Dataset excerpts:
-------
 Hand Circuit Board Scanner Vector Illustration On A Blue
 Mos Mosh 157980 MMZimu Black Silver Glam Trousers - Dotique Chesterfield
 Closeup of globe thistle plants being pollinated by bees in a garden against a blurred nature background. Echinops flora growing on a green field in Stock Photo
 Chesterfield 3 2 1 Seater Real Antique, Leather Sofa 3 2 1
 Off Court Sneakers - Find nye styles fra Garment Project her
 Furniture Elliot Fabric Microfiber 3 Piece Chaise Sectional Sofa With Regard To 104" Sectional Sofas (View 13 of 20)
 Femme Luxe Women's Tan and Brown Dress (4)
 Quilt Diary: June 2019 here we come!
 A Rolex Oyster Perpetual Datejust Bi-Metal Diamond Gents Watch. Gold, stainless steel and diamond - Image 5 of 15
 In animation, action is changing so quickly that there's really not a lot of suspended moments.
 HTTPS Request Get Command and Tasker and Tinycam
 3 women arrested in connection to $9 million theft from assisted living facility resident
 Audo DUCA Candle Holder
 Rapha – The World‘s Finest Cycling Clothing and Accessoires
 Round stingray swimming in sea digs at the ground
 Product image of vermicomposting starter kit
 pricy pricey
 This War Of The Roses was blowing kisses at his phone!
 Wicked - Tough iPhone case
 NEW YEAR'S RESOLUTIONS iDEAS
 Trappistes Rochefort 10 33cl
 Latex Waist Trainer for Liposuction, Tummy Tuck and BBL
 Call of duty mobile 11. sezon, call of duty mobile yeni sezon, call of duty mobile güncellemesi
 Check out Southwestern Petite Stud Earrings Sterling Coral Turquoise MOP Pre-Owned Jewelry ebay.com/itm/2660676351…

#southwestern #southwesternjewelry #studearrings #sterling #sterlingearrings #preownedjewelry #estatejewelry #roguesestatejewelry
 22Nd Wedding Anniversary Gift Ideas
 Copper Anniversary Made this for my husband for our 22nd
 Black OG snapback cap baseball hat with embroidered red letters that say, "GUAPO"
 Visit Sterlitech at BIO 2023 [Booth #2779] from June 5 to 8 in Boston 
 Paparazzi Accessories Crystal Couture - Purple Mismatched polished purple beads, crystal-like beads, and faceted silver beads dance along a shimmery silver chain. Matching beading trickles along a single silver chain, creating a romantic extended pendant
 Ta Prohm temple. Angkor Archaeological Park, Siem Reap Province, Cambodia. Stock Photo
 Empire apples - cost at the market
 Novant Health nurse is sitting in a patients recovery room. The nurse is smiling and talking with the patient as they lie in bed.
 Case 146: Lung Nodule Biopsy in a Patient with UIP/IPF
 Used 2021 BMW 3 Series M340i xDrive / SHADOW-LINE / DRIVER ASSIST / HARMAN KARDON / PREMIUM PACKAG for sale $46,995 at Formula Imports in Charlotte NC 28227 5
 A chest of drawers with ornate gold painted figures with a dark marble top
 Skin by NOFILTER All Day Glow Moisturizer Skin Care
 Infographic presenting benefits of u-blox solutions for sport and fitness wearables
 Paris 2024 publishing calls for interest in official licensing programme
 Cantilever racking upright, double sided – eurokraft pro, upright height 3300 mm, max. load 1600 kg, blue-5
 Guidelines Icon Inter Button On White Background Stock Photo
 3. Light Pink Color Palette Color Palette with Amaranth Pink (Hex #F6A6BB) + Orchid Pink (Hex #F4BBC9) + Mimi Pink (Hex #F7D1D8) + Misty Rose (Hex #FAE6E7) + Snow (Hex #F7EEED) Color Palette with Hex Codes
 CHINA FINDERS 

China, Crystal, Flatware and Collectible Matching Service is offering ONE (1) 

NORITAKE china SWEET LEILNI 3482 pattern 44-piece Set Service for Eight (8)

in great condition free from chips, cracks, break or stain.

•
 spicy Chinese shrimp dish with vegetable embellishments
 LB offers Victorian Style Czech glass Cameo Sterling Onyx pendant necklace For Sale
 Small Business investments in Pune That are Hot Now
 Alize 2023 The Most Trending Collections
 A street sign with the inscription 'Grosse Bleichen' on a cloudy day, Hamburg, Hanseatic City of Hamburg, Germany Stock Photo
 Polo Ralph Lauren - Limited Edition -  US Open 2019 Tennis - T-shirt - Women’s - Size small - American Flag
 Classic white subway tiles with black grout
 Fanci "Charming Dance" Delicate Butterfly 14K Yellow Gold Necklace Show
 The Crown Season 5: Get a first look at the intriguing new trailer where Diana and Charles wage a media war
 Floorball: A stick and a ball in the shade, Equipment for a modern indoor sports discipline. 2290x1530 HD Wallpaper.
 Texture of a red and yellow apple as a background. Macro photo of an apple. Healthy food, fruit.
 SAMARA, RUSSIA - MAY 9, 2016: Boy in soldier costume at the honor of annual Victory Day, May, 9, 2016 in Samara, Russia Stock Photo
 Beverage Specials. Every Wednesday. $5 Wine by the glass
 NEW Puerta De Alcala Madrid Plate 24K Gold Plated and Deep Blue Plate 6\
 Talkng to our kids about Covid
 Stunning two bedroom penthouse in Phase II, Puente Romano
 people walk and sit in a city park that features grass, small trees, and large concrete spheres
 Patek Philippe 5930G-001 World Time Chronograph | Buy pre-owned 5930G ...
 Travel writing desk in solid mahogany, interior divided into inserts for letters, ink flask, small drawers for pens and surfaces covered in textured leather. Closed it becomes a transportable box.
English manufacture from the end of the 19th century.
-------
Reproduce only the lines above spanning from the line containing "HTTPS Request Get" through the line containing "Rapha – The", word for word.

 HTTPS Request Get Command and Tasker and Tinycam
 3 women arrested in connection to $9 million theft from assisted living facility resident
 Audo DUCA Candle Holder
 Rapha – The World‘s Finest Cycling Clothing and Accessoires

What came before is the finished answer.